Sunday 9 October 2011

Are Rolling Stone’s readers copying Blender?

A few years ago, the now-defunct magazine Blender made a list of the fifty worst songs of all time. The number 1 choice was Starship’s “We Built This City”, a song that was the 66th top single of the 1980s in Melbourne and a staple of my travels in an old XC Ford Falcon to Currajong Special School on the modern 624 bus route.

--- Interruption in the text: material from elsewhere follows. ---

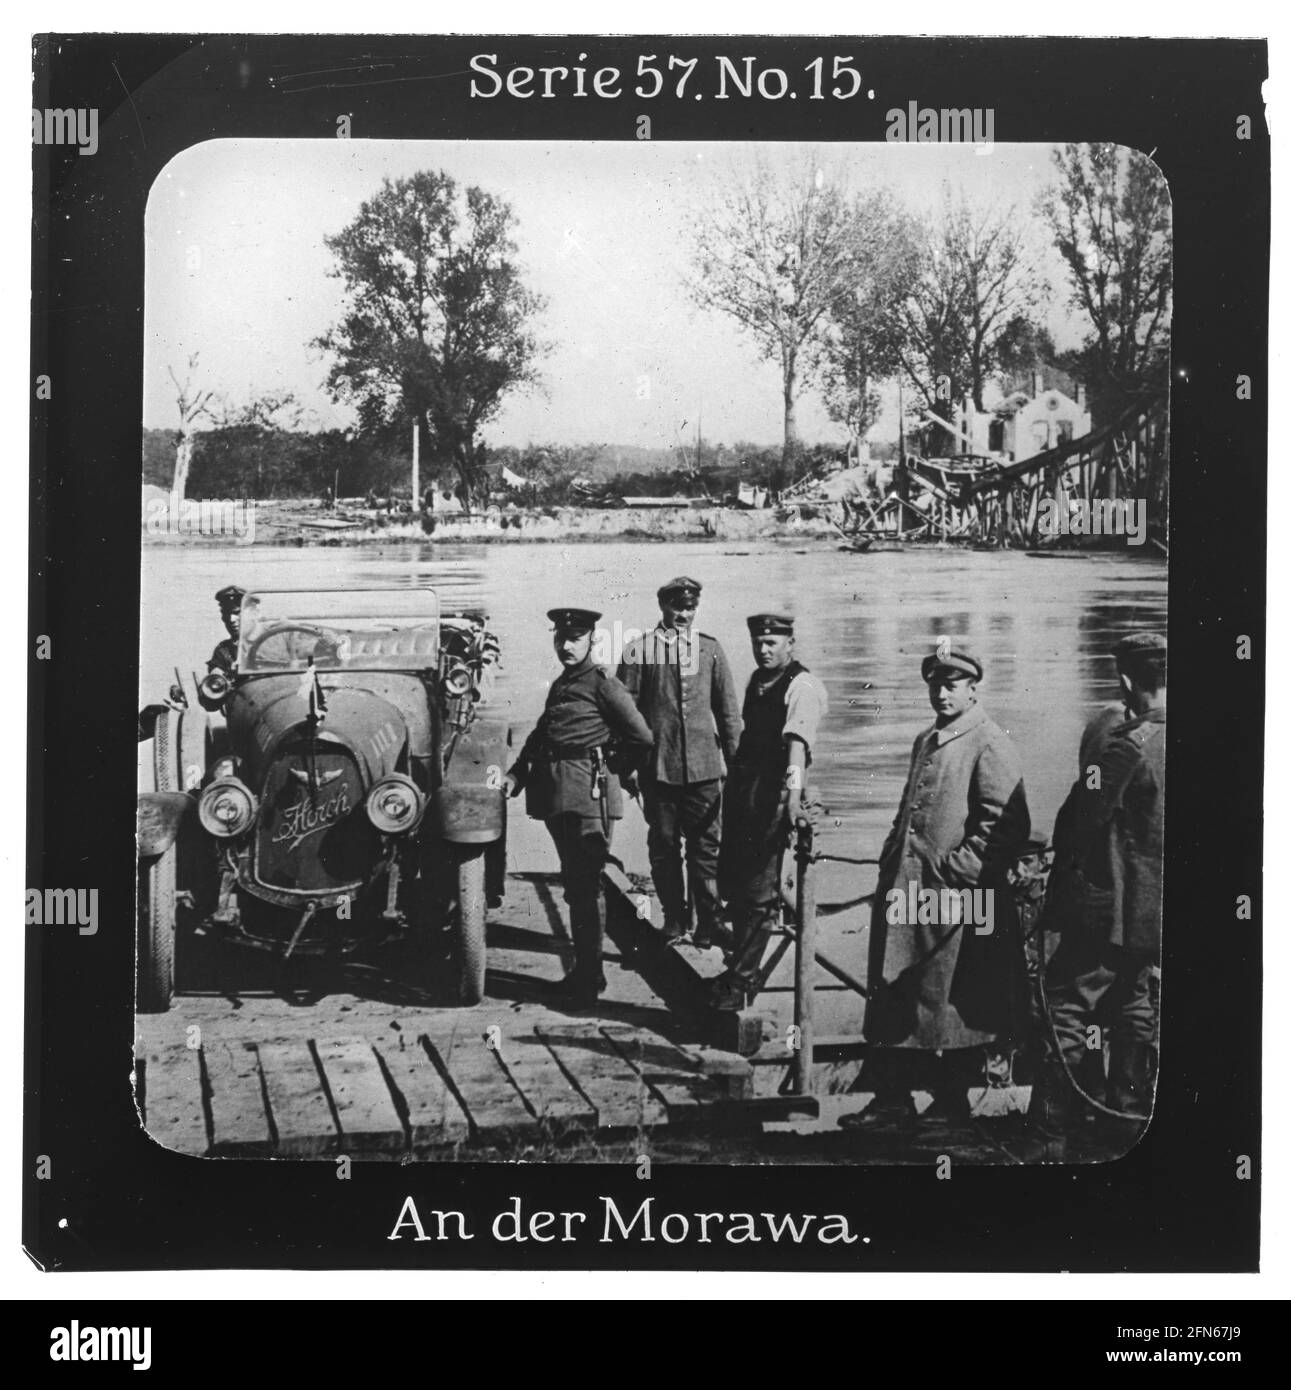 Projection für Alle - Die Eroberung Serbiens. Serie 57. No 15. An der Morawa. Der Fluß Morava war im Oktober 1915 Schauplatz des Vorrückens deutscher Truppen. Die Aufnahme zeigt eine einfache Fähre, darauf ein 'Horch' PKW. Daneben eine zerstörte Brücke. Die Firma „Projection für Alle“ wurde 1905 von Max Skladanowsky (1861-1939) gegründet. Sie produzierte bis 1928 fast 100 Serien zu je 24 Glasdias im Format 8,3 x 8,3 cm im sog. Bromsilber-Gelatine-Trockenplatten Verfahren. Die Serien umfassten Städte, Länder, Landschaften, Märchen und Sagen, das Alte Testament u. den 1. Weltkrieg. Stock Photo

Now, Rolling Stone, which has probably absorbed a lot of Blender’s readership since the latter magazine ceased publication, has asked its readers to vote for the worst songs of the 1980s. Although as a child I listened consistently to the commercial music of the eighties, since reading Joe S. Harrington I have been completely turned away from it. The list voted for was:
  1. Starship - “We Built This City” (On Rock and Roll)
  2. Europe - “The Final Countdown”
  3. Chris de Burgh - “The Lady in Red”
  4. Wham! — “Wake Me Up (Before You Go Go)”
  5. Men Without Hats — “The Safety Dance”
  6. Falco — “Rock Me Amadeus”
  7. Bobby McFerrin — “Don’t Worry Be Happy”
  8. Toni Basil — “Mickey”
  9. Taco — “Putting On the Ritz”
  10. Rick Astley — “Never Gonna Give You Up”
The strange thing is that according to those who reported on the list, “We Built This City” was nominated as the worst song by a huge margin, and that the reason it was so hated was not the song itself, but the fact that so many fans of Jefferson Airplane, Grace Slick’s former band of the 1960s, did not want her singing stadium rock which was designed only for commercial success.

in fact, I have never found “We Built This City” anything like so bad as Jefferson Starship’s other songs of the 1980s like “Jane” or “No Way Out” which were less successful but far worse examples of “We Built This City”. All the other songs on the list, however, really are very bad, and most are staples of these lists with at least three being repeats from the 2005 Blender list. The similarity with “We Built This City” and the more-deserving “Mickey”, “Don}t Worry Be Happy” and “The Final Countdown” is so striking I really wonder if the readers took their cues from it.